In Spite of Difficulties, Virtus Still Sees Opportunity in Student Housing

While investing in student housing has recently become more difficult due to inventory and financial constraints, Virtus Real Estate Capital remains optimistic about the health of the sector, especially near tier-one schools.

While options to invest in student housing become more difficult due to inventory and price, professionals remain optimistic about the health of the industry. Despite a slowdown in REIT participation in student housing in recent years, market specialists believe current and future trends with regard to transactions, student demographics and development opportunities will allow the industry to continue to evolve.

“We still believe that student housing is a great investment,” Kevin White, director of student housing acquisitions for Virtus Real Estate Capital, tells MHN. “I think it’s certainly more difficult today than what it was 24 months or 36 months ago.

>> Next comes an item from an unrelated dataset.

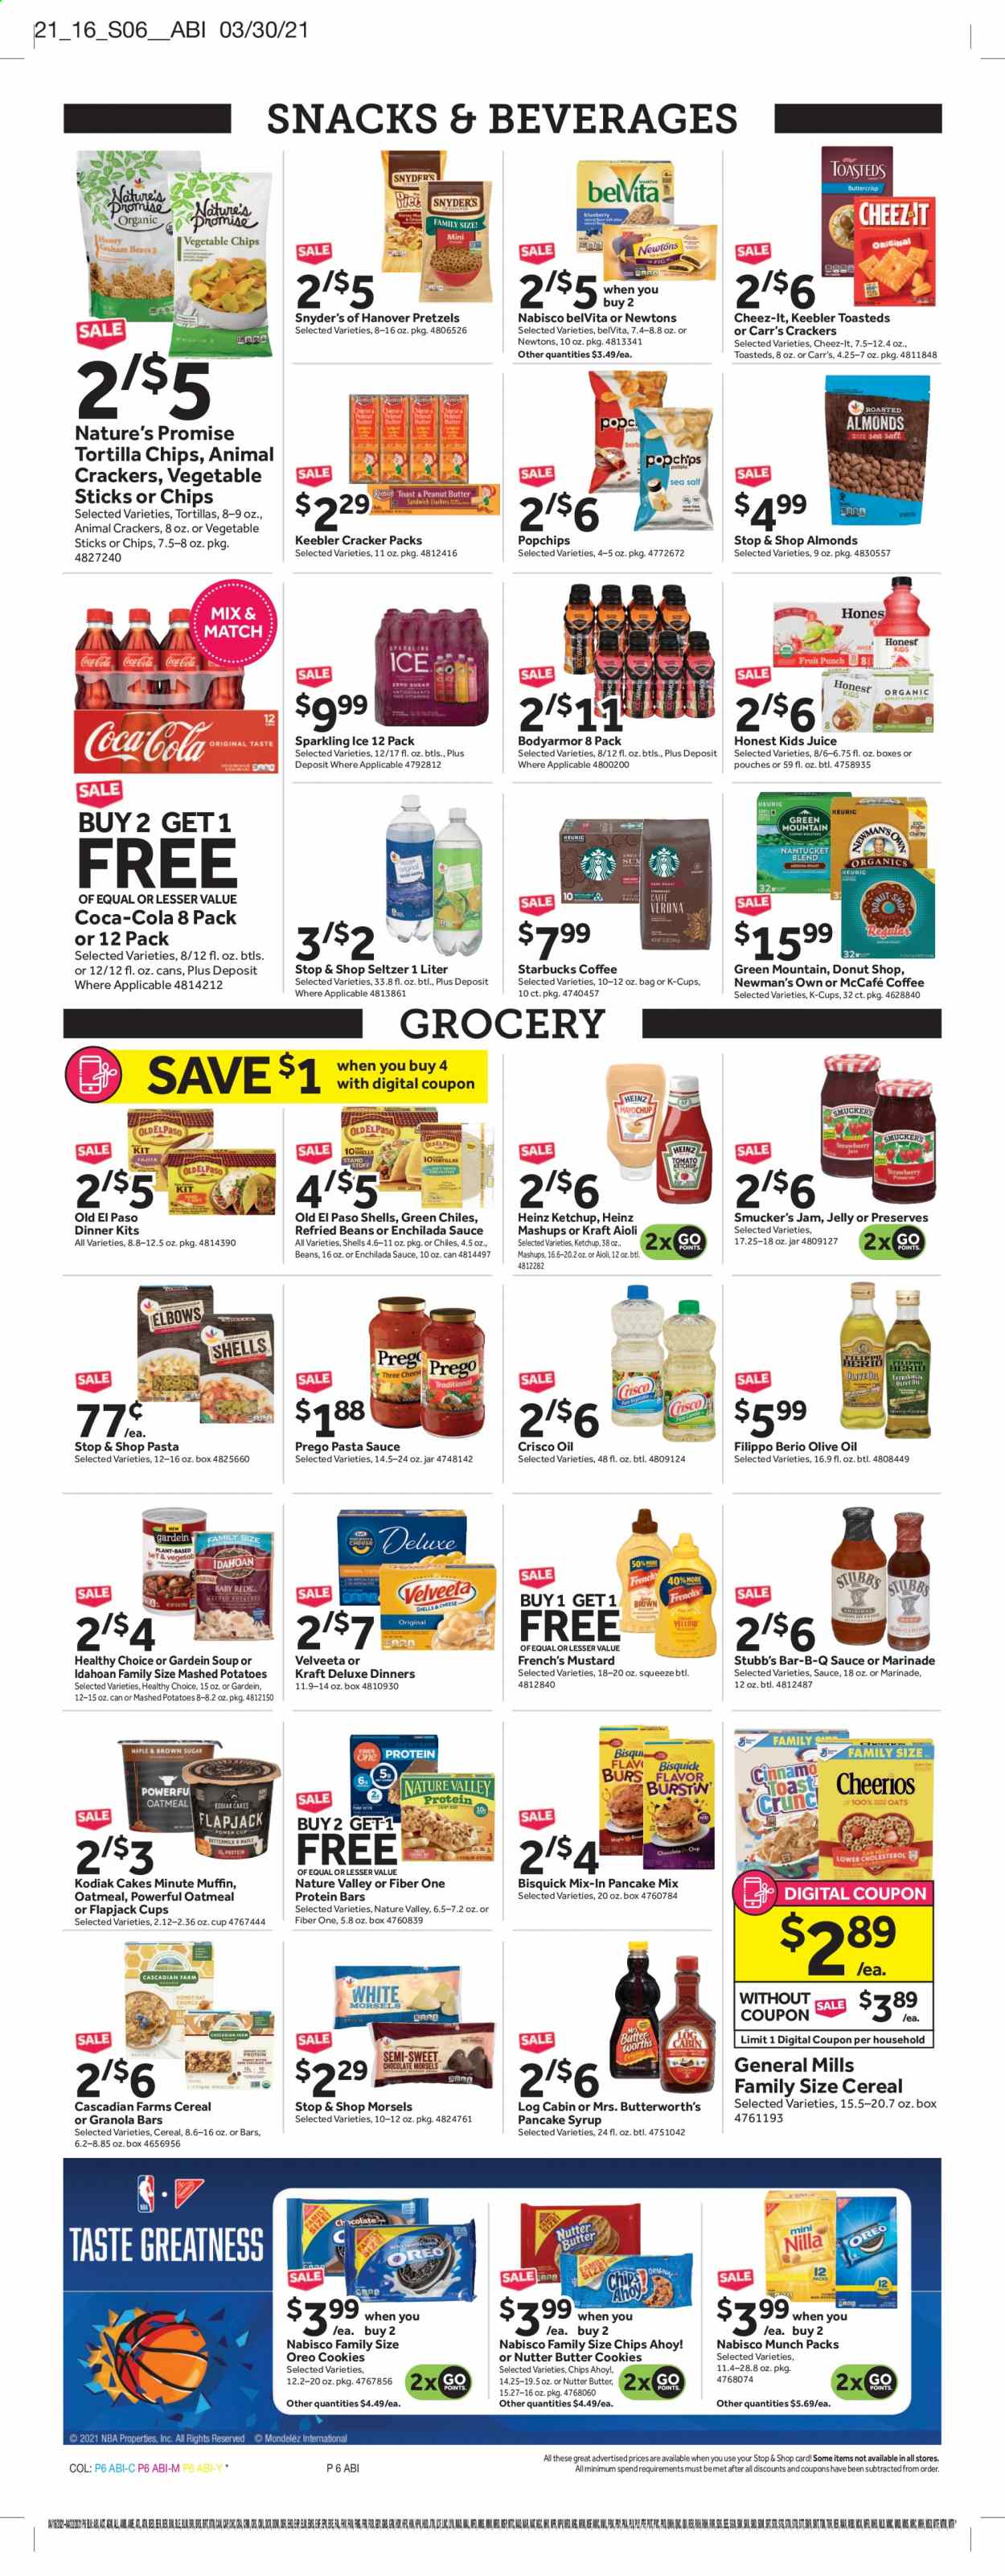 thumbnail - Stop & Shop Flyer - 04/16/2021 - 04/22/2021 - Sales products - pretzels, cake, Old El Paso, Nature’s Promise, muffin, mashed potatoes, pasta sauce, soup, dinner kit, Healthy Choice, Kraft®, Oreo, cookies, chocolate, butter cookies, snack, jelly, crackers, Chips Ahoy!, Keebler, tortilla chips, chips, vegetable chips, Cheez-It, Bisquick, Crisco, oatmeal, enchilada sauce, refried beans, Heinz, cereals, Cheerios, protein bar, granola bar, belVita, Nature Valley, Fiber One, mustard, ketchup, marinade, olive oil, oil, fruit jam, peanut butter, pancake syrup, syrup, almonds, Coca-Cola, juice, seltzer water, coffee, Starbucks, coffee capsules, McCafe, K-Cups, Green Mountain. Page 5.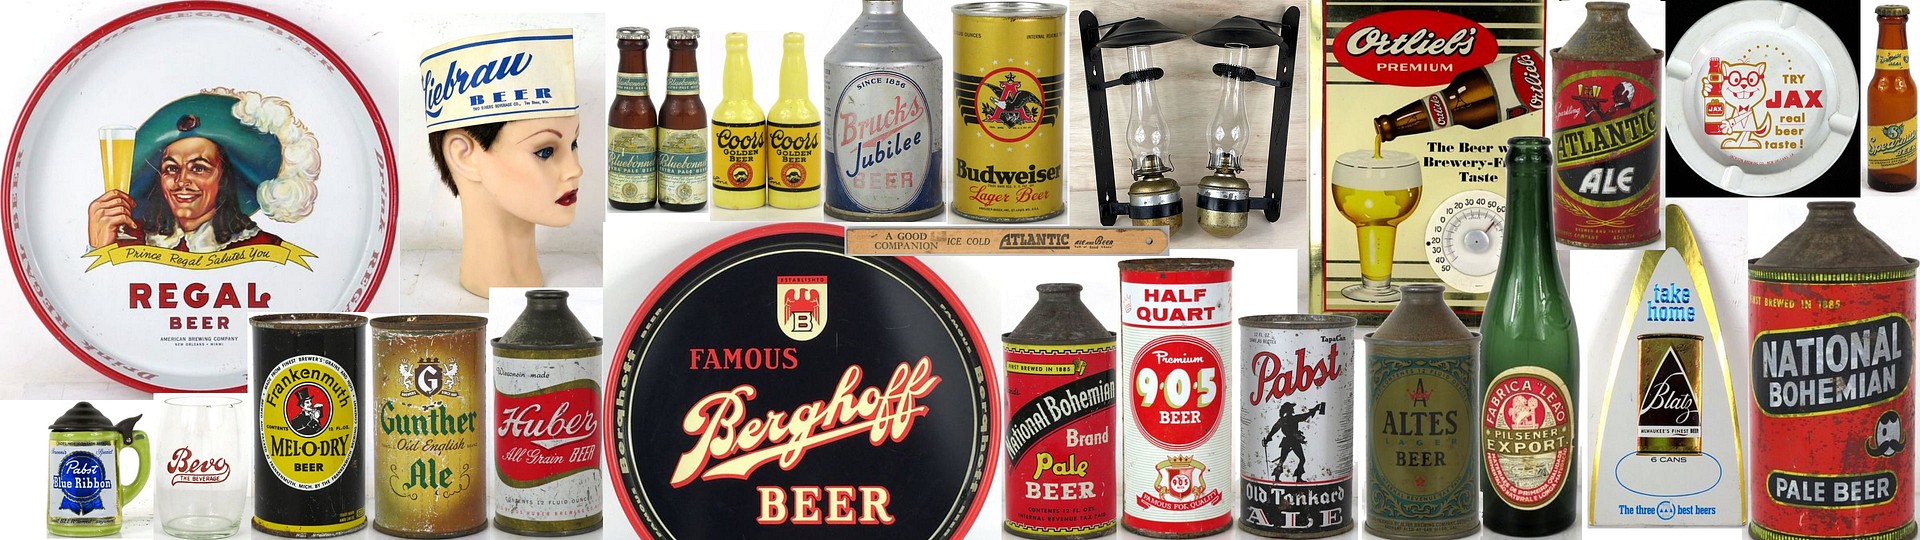 TavernTrove's April Beer Can and Breweriana Auction by TavernTrove

You have to work twice as hard to do half the amount of deals than you really want to do.”

Austin, Texas-based Virtus Real Estate Capital specializes in what it refers to as “recession resilient” real estate assets including medical office space, seniors housing, student housing, and self-storage space, and has a national portfolio of such non-traditional properties that is heavily concentrated in the Sunbelt region.

White tells MHN that there have been a lot of changes in the student housing marketplace recently that have had significant impacts on the transactions side of the industry.  The first and foremost, White notes, is that the cost of debt has increased. Secondly, REITs generally have moved away from making more student housing acquisitions.

“The REITs, who in recent years have been one of the most active buyers in student housing are now sitting on the sidelines for acquisitions,” White says. “It has created an interesting dynamic where the buyer pool has now shrunk significantly because you have the REITs sitting on the side. On top of that, the cost of debt has increased. Most of the buyers left out there are going to be high-leverage, private buyers, so that significantly impacts their cost of capital.”

White also notes that financing for new developments is slowing down as a result of the exit of REITs from the market combined with rising CAP rates, interest rates, construction costs and a shrinking buyer pool.

“The developers are getting squeezed pretty significantly,” he says.­­

Despite the difficulties in the financial side of student housing, White says there are other indicators that are driving investment into the industry, specifically enrollment numbers at tier one flagship schools.  He notes that enrollment for first-time, under 24-year-old college students has increased nationally in recent years, while non-traditional students—those ages 24 and up—have posted declining enrollment numbers.  The majority of students living in student housing tends to be the under-24 students, as the non-traditional students tend to live further away from campus in non-student housing.

“We feel good about enrollment,” White says of student housing at tier-one flagship schools. “We still feel like that’s one of the best returns on investments that anyone can get, even giving the increase in tuition recently, we still feel good about the value proposition of an education at a tier-one school.  From an enrollment perspective, we’re comfortable with the outlook going forward.”

While most of White’s data referred to national figures, he did note that there are many markets that are still ripe for new development and investment opportunities.  One market in particular is in Knoxville, Tenn., near the University of Tennessee where there is a demand for development within walking distance to campus.  Even in these better-faring markets, White says that developers are often faced with having to develop communities with fewer beds in order to build on land closer to the campuses.

“The University of Tennessee is very transparent about the fact that they want more kids living closer to campus,” White says. “They want kids within walking distance to campus, they feel like that creates a more cohesive environment and kids have a much higher chance of being successful at their university. You’ll see in the next 12-24 months, a significant amount of new supply in Knoxville pedestrian-to-campus [housing], because in those cases you have a university that is basically pushing their students to adapt, while at the same time, you’ll see things like the cities doing things in order to make things easier for the developers to get things done that fit that profile.”

Looking ahead to 2015 and 2016, White sees a rise in the number of distressed student housing properties available due to the amount of loans maturing in the next two to three years.

“We’re likely to see some distressed deals in the industry that we’ve never seen before,” he adds.